Exposition - Chemins de l'exil - Photographies de Philippe Gaussot
Exposition présentée à l’occasion du 35e Festival du Cinéma espagnol à Nantes
This event includes accessibility accommodations
Motor impairment

Philippe Gaussot
1936-2026 : regards pluriels et contemporains sur la Guerre d’Espagne
En partenariat avec l’Instituto Cervantes de Paris et l’École Nationale Supérieure d’Architecture de Nantes, le festival accueille cette année une exposition en lien avec la commémoration des 90 ans du début de la Guerre civile espagnole, Chemins de l’exil.
1936-2026. Il y a 90 ans, le 19 juillet, le peuple d’Espagne se soulevait pour faire échec au coup d’État militaire des généraux félons. Mais très vite, les militaires espagnols, soutenus par le fascisme européen, sèment la terreur qu’ils ont érigée en programme politique.
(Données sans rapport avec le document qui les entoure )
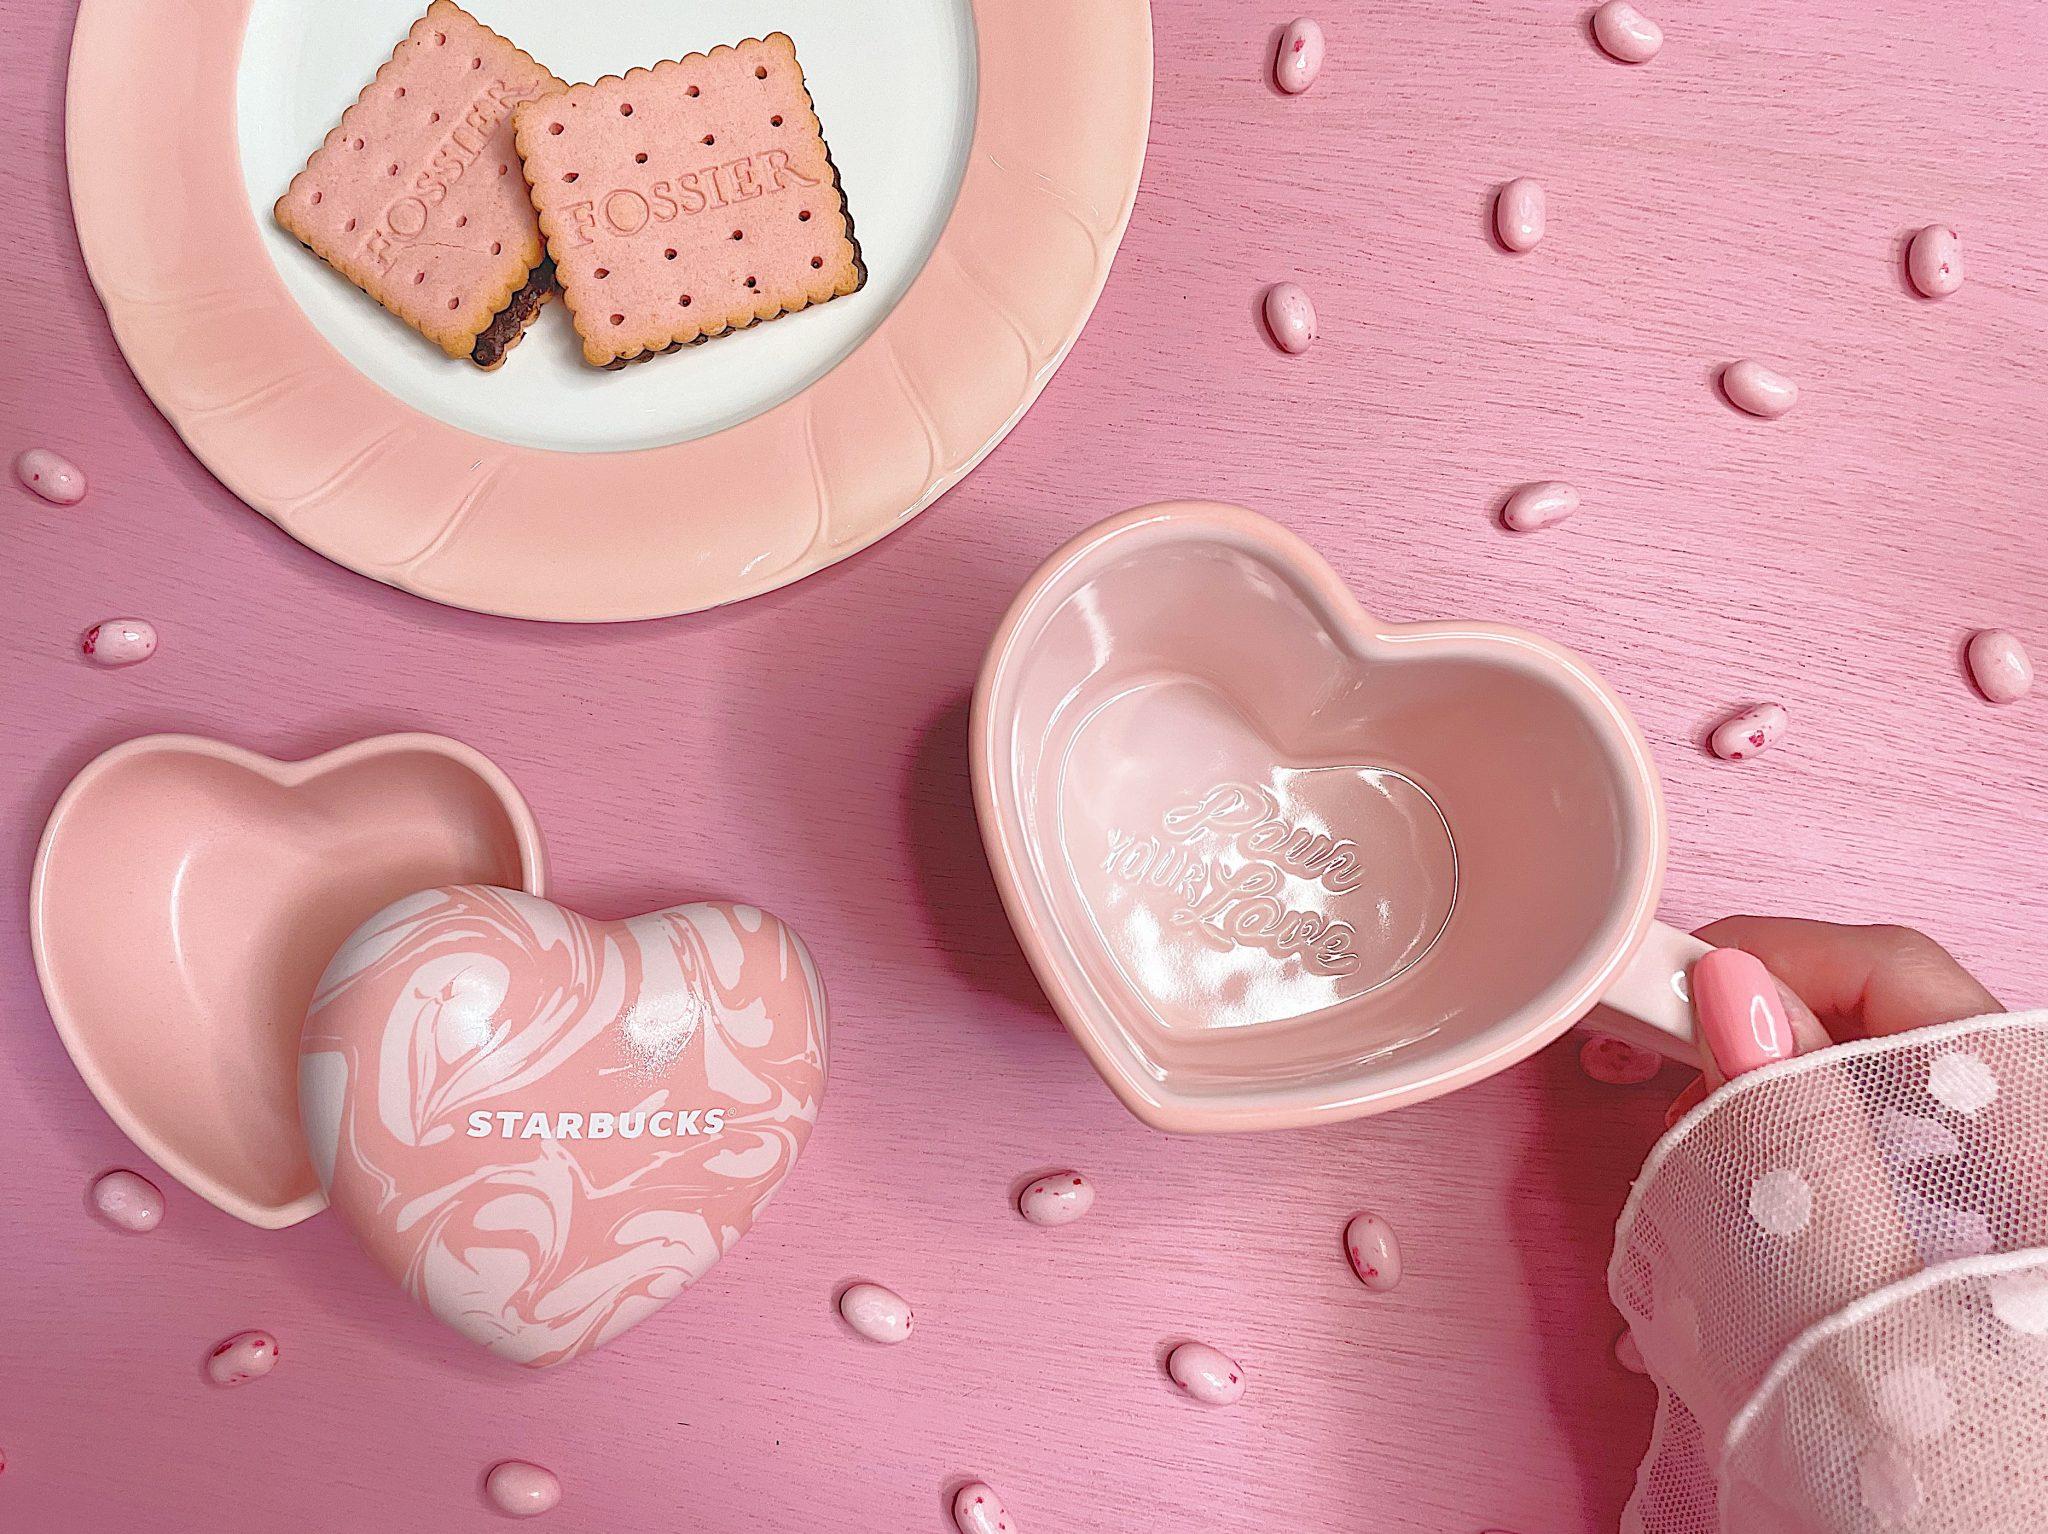 #starbucks のバレンタイングッズがかわいすぎる♡

Comme le déclarait le général Mola en juillet 1936 : “Hay que sembrar el terror, hay que dejar sensación de dominio eliminando sin escrúpulos ni vacilación a todos los que no piensan como nosotros." *
Après 32 mois de résistance, se produit l’exil le plus important du XXe siècle.
Philippe Gaussot, un humanitaire catholique, se porte au secours des réfugiés et en même temps prend quelques 100 photos montrant l’accueil des enfants basques, puis des enfants catalans, envoyés en France pour échapper aux bombardements et aux affres de la guerre. Loin du bruit des armes, la mort s’éloigne d’eux et ils peuvent retrouver le sourire sur les bancs de l’école ou dans les tâches et les jeux collectifs qui les soudent les uns aux autres.
Sur d’autres photos nous suivons pas à pas le périple douloureux sur des chemins escarpés de l’exil des antifascistes espagnols pour atteindre un hypothétique refuge. Ils passent de la montagne enneigée à la plage humide et glaciale de février. L’accueil sera bien décevant puisque, pour la plupart, il s’agira de s’installer sur les plages du Roussillon, entourées de barbelés, gardées par des soldats français armés : tirailleurs sénégalais, marocains ou gendarmes…
Ces photographies ont été découvertes par Jean-Philippe Gaussot bien après le décès de son père, en 1977. D’une très grande qualité humaine et artistique, ils représentent un témoignage exceptionnel et rare. Ils possèdent la qualité des clichés des plus grands photographes de l’époque, et transmettent au public le désarroi, l’inquiétude de ce peuple mais également, au-delà de sa détresse, sa fierté, sa dignité et surtout sa combativité…
Véronique Salou Olivares et Aimable Marcellan, Association 24 août 1944
* “Il faut semer la terreur, il faut laisser une impression de domination en éliminant sans scrupules ni hésitation tous ceux qui ne pensent pas comme nous."